Consequently, even though the parents have been deprived of parental rights
– indeed that is one of the causes of the dispute which they have referred to
the Court – their standing suffices to afford them the necessary power to
apply to the Court on the children's behalf, too, in order to protect their
interests (see, mutatis mutandis, Scozzari and Giunta, cited above, § 138).
121. However, in accordance with Rule 38 § 1 of the Rules of Court, no
written observations filed outside the time- limit set by the President of the
Chamber shall be included in the case file unless the President of the
Chamber decides otherwise. In the present case, the applicants' request to
present the application also on behalf of their children was submitted on
19 December 2002, that is after the close of the written procedure (Rule 38
§ 1 of the Rules of Court) on the admissibility of the application. The Court
therefore considers that it cannot take the damage claimed on behalf of the
children into account.
28 HAASE v. GERMANY JUDGMENT
B. Costs and expenses
122. The applicants claimed EUR 3,091.64 before the German courts
and 5,000 EUR before the Court. They submitted a detailed list of the
claims.
123. The Government did not comment.
124. According to the Court's consistent case-law, to be awarded costs
and expenses the injured party must have incurred them in order to seek
prevention or rectification of a violation of the Convention, to have the
same established by the Court and to obtain redress therefor. It must also be
shown that the costs were actually and necessarily incurred and that they are
reasonable as to quantum (see, as a recent authority, Meulendijks v. the
Netherlands, 34549/97, 14 May 2002, § 63).
125. The Court is satisfied that the claim for compensation of counsel's
fees and expenses has been properly substantiated and notes that the
applicants' complaints were declared admissible in their entirety. On the
other hand, the Court has restricted its finding of a violation to the
provisional taking into care of the children and the implementation of the
care measures. Making its assessment on an equitable basis, the Court
awards the applicants EUR 8,000, together with any relevant value-added
tax. From this award must be deducted the EUR 700 and EUR 655 already
received in legal fees from the Council of Europe by way of legal aid,
totalling EUR 1,355.
C. Default interest
126. The Court considers it appropriate that the default interest should
be based on the marginal lending rate of the European Central Bank, to
which should be added three percentage points.
FOR THESE REASONS, THE COURT UNANIMOUSLY
1. Holds that, by reason of the failure to exhaust domestic remedies, it is
unable to take cognisance of the merits of the case in respect of the
decisions of the Münster District Court of 18 December 2001;
2. Holds that the applicants may claim to be “victims” for the purposes of
Article 34 of the Convention;
3. Holds that there has been a violation of Article 8 of the Convention;
HAASE v.

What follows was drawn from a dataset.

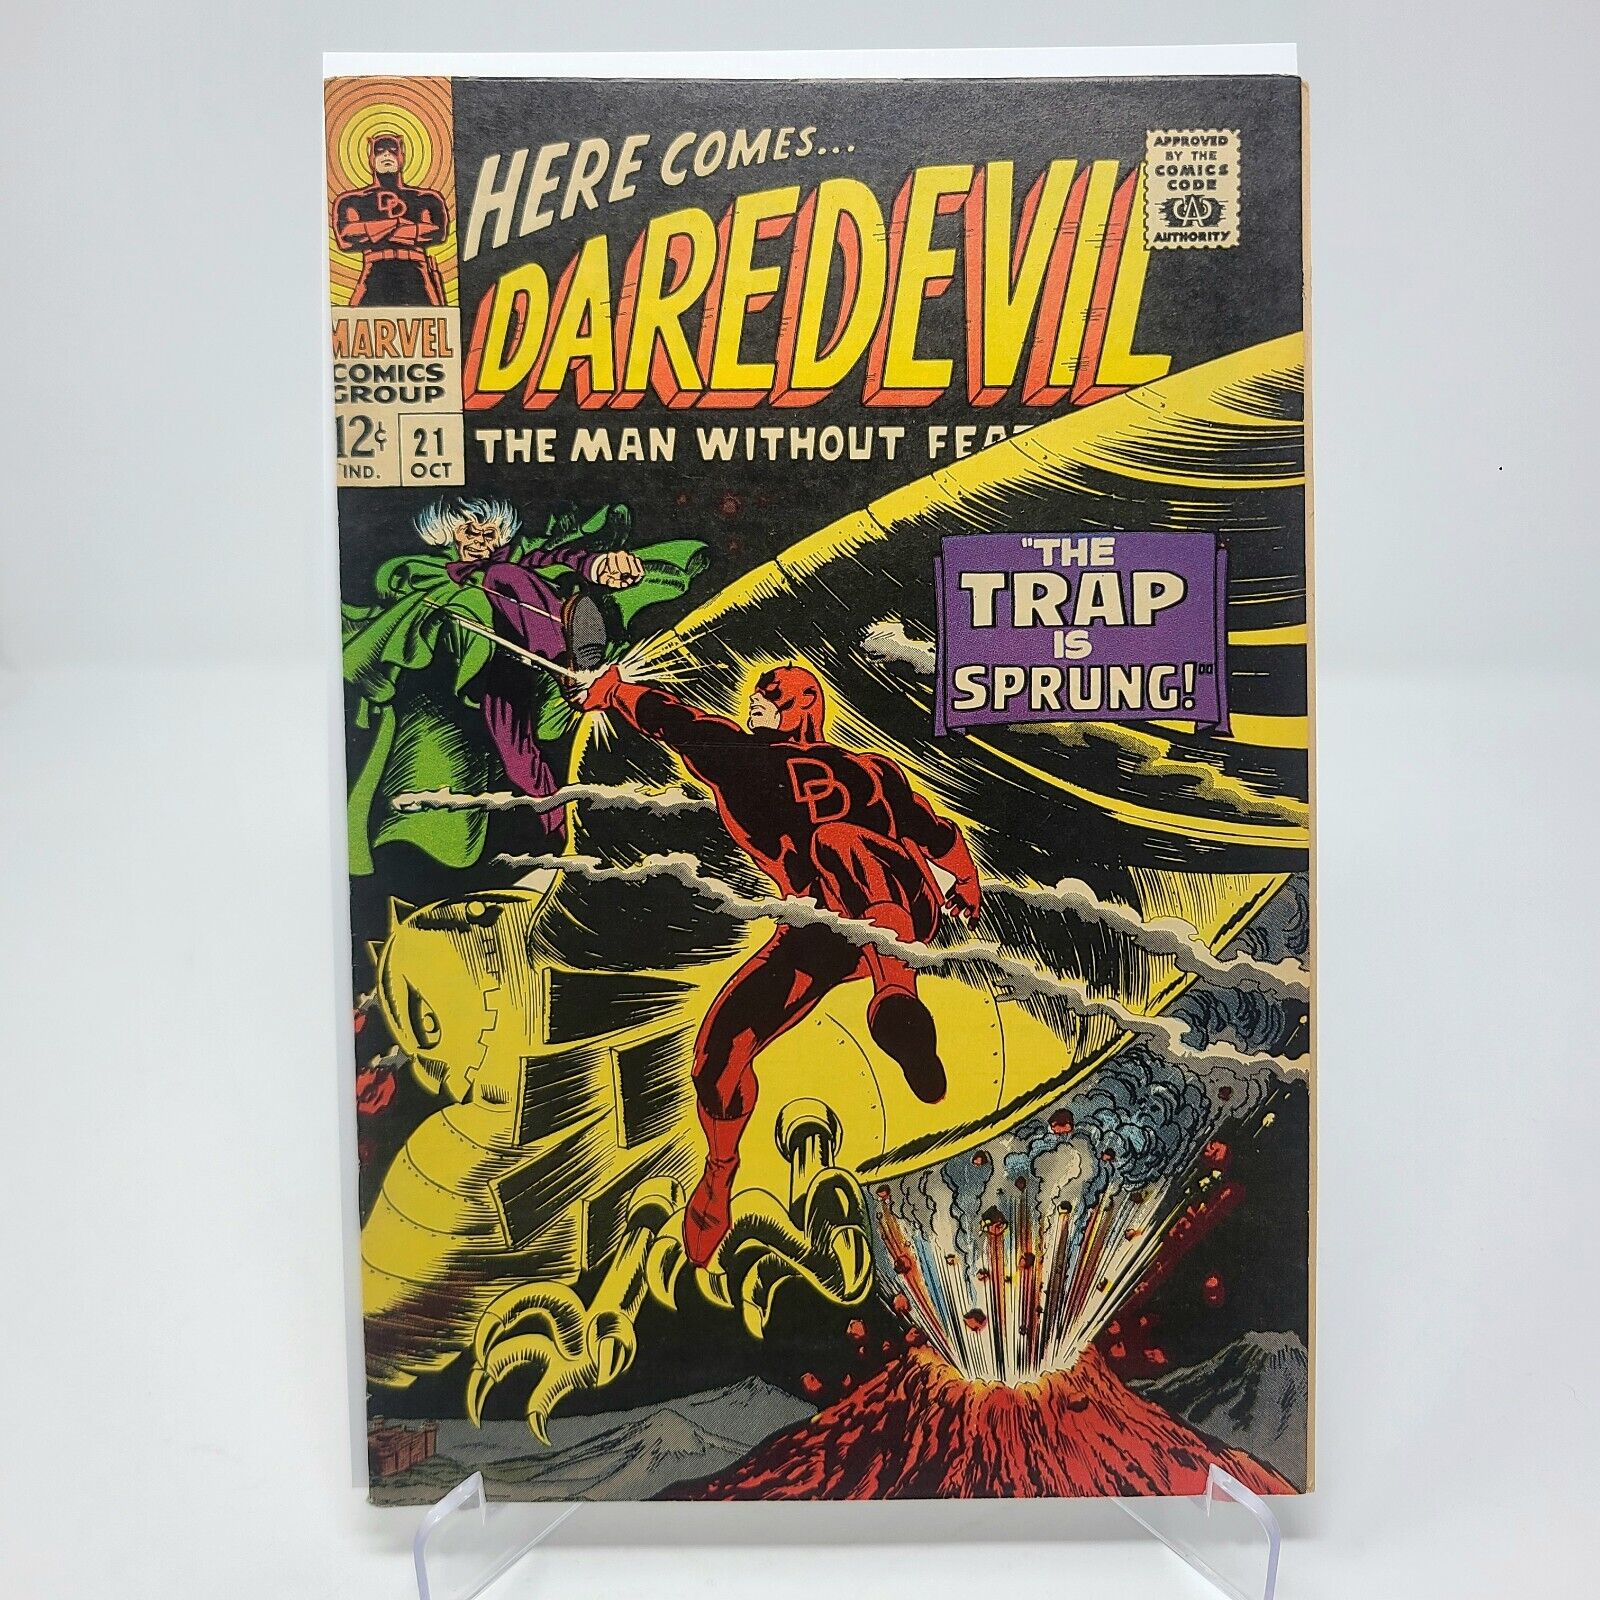 DAREDEVIL #21 1966 The OWL (VF-) BEAUTIFUL COPY COMBINED SHIPPING

GERMANY JUDGMENT 29
4. Holds that there is no separate issue under Article 6 § 1 of the
Convention;
5. Holds
(a) that the respondent State is to pay the applicants, within three
months from the date on which the judgment becomes final according to
Article 44 § 2 of the Convention, the following amounts:
(i) EUR 10,000 (ten thousand euros) in respect of pecuniary
damage;
(ii) EUR 35,000 (thirty-five thousand euros) in respect of nonpecuniary
damage;
(iii) EUR 8,000 (eight thousand euros), less EUR 1,355 (one
thousand three hundred and fifty- five euros), in respect of costs and
expenses;
(iv) any tax that may be chargeable on the above amounts;
(b) that from the expiry of the above-mentioned three months until
settlement simple interest shall be payable on the above amounts at a
rate equal to the marginal lending rate of the European Central Bank
during the default period plus three percentage points;
6. Dismisses the remainder of the applicants' claim for just satisfaction.
Done in English, and notified in writing on 8 April 2004, pursuant to
Rule 77 §§ 2 and 3 of the Rules of Cour t.